Data section START
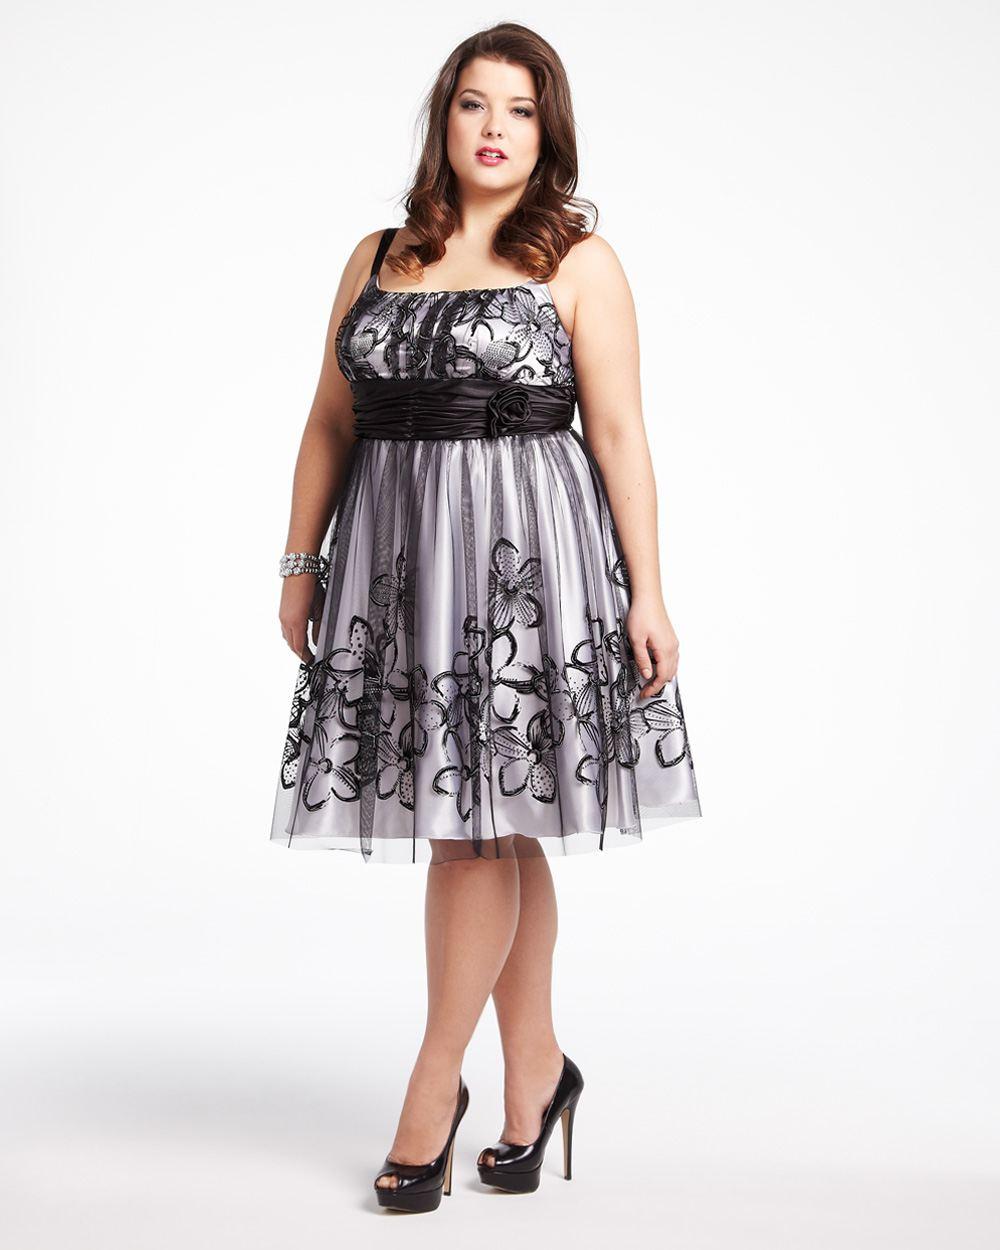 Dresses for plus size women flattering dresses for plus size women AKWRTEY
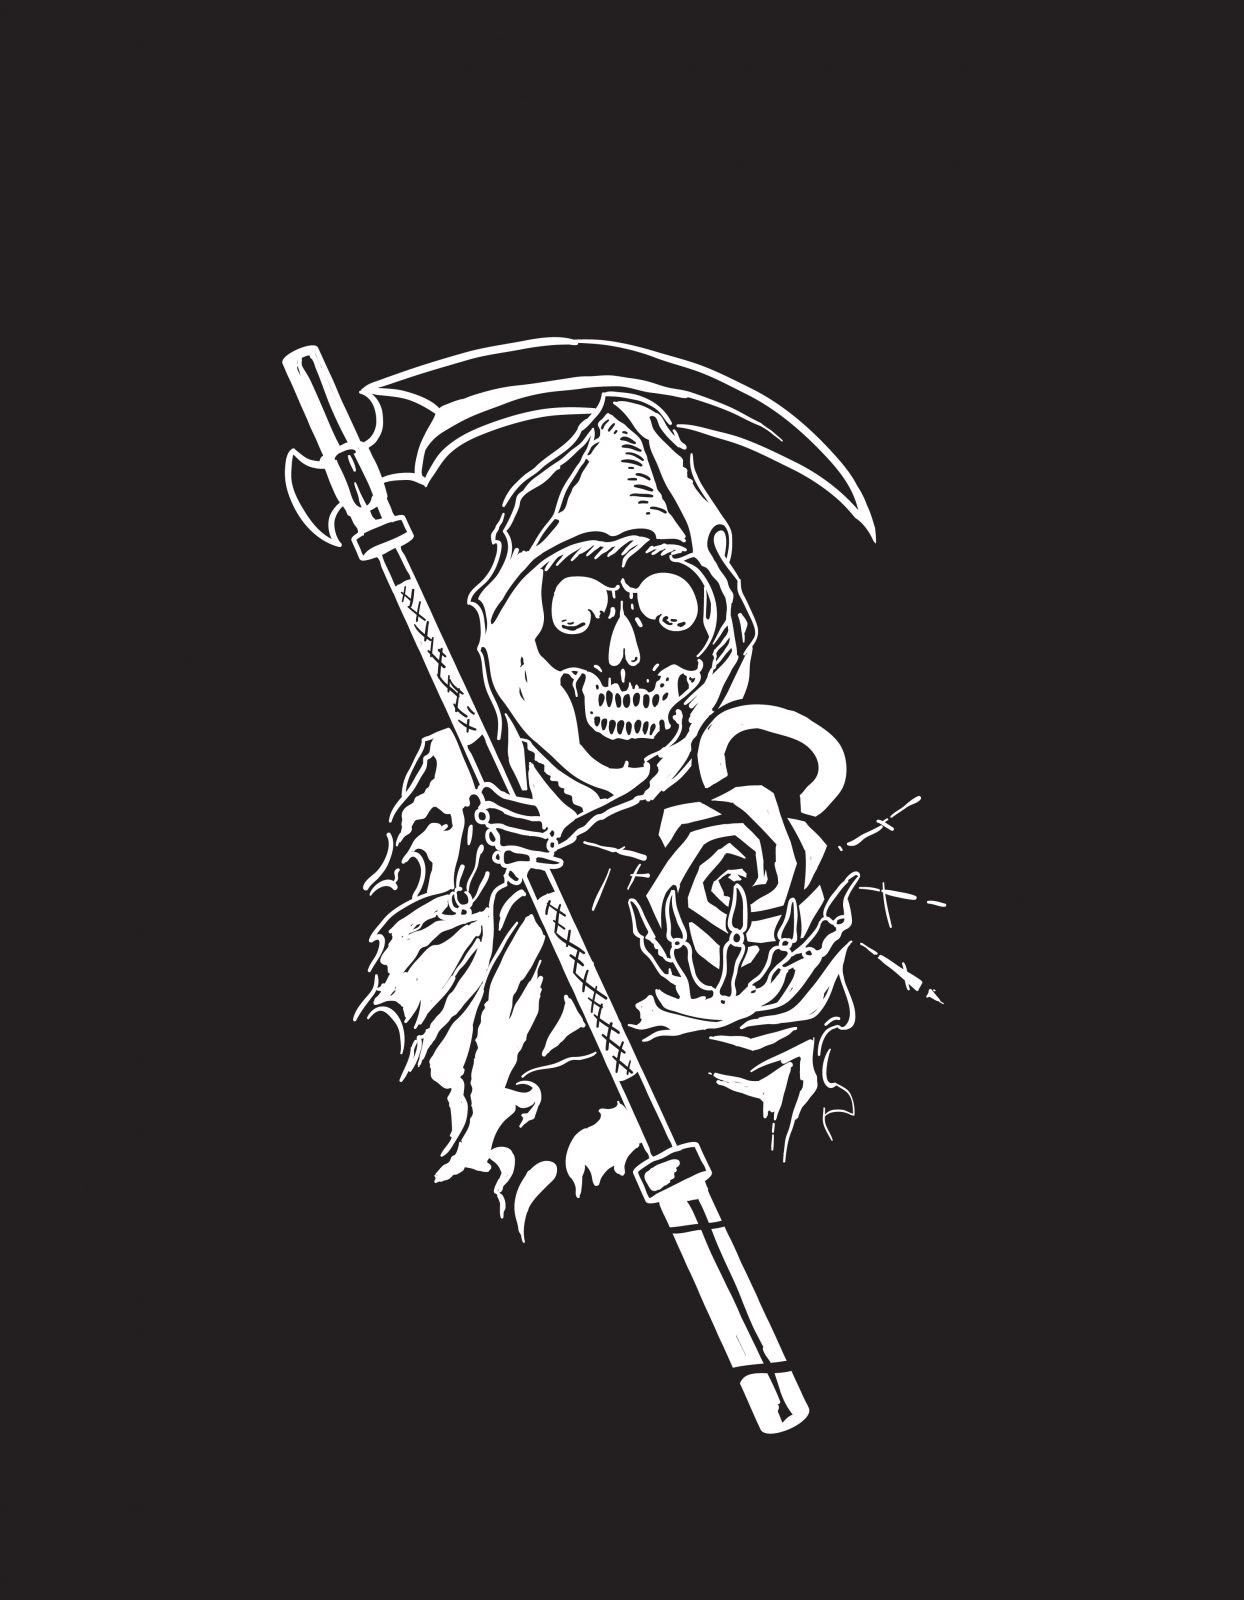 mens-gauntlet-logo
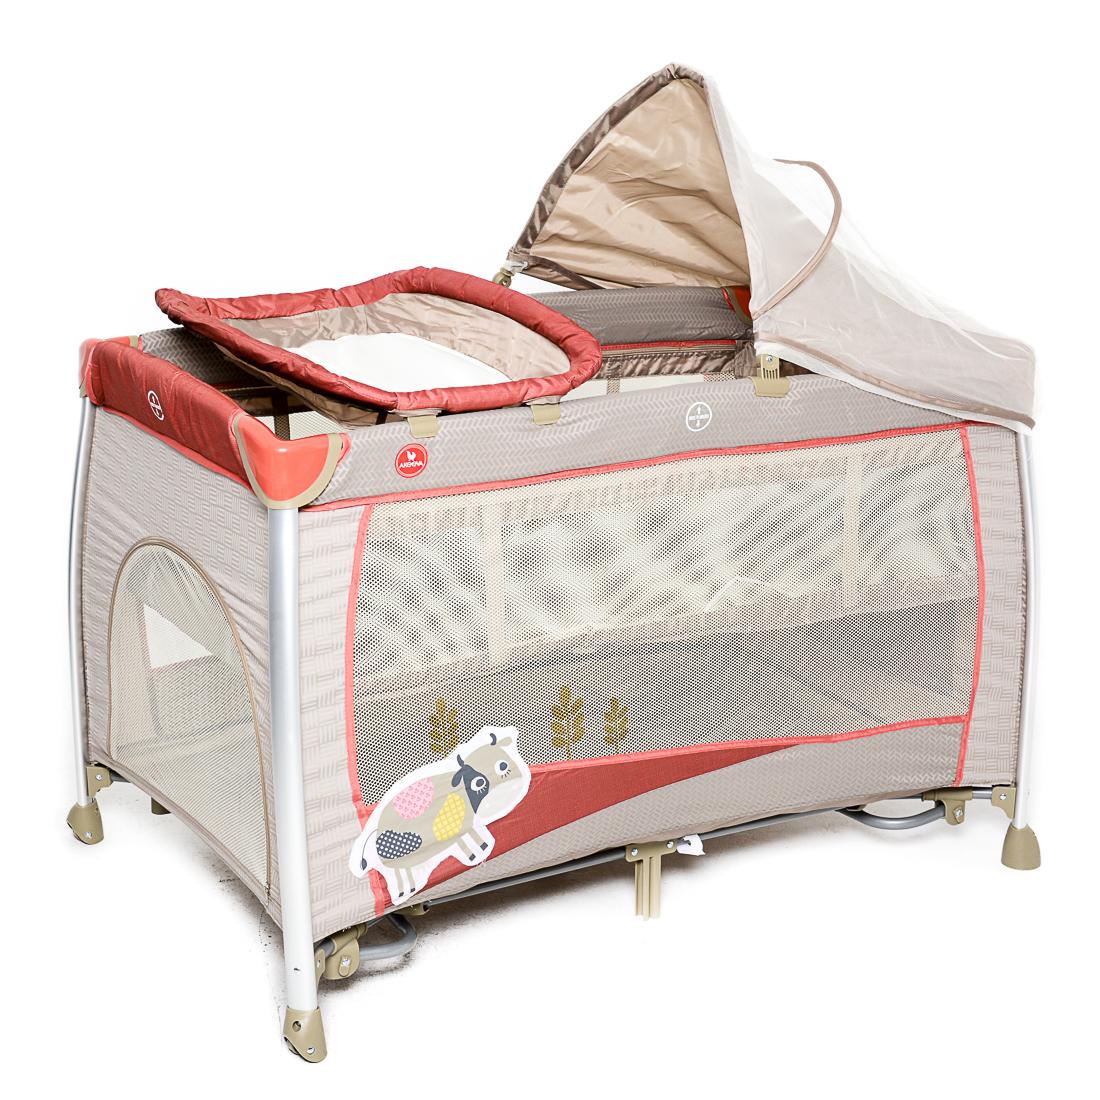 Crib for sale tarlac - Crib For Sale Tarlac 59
Data section END
• [Exercise directions]: Output all of the listing above, exactly as given, but without its pictures.

• [Response]:
 Dresses for plus size women flattering dresses for plus size women AKWRTEY
 mens-gauntlet-logo
 Crib for sale tarlac - Crib For Sale Tarlac 59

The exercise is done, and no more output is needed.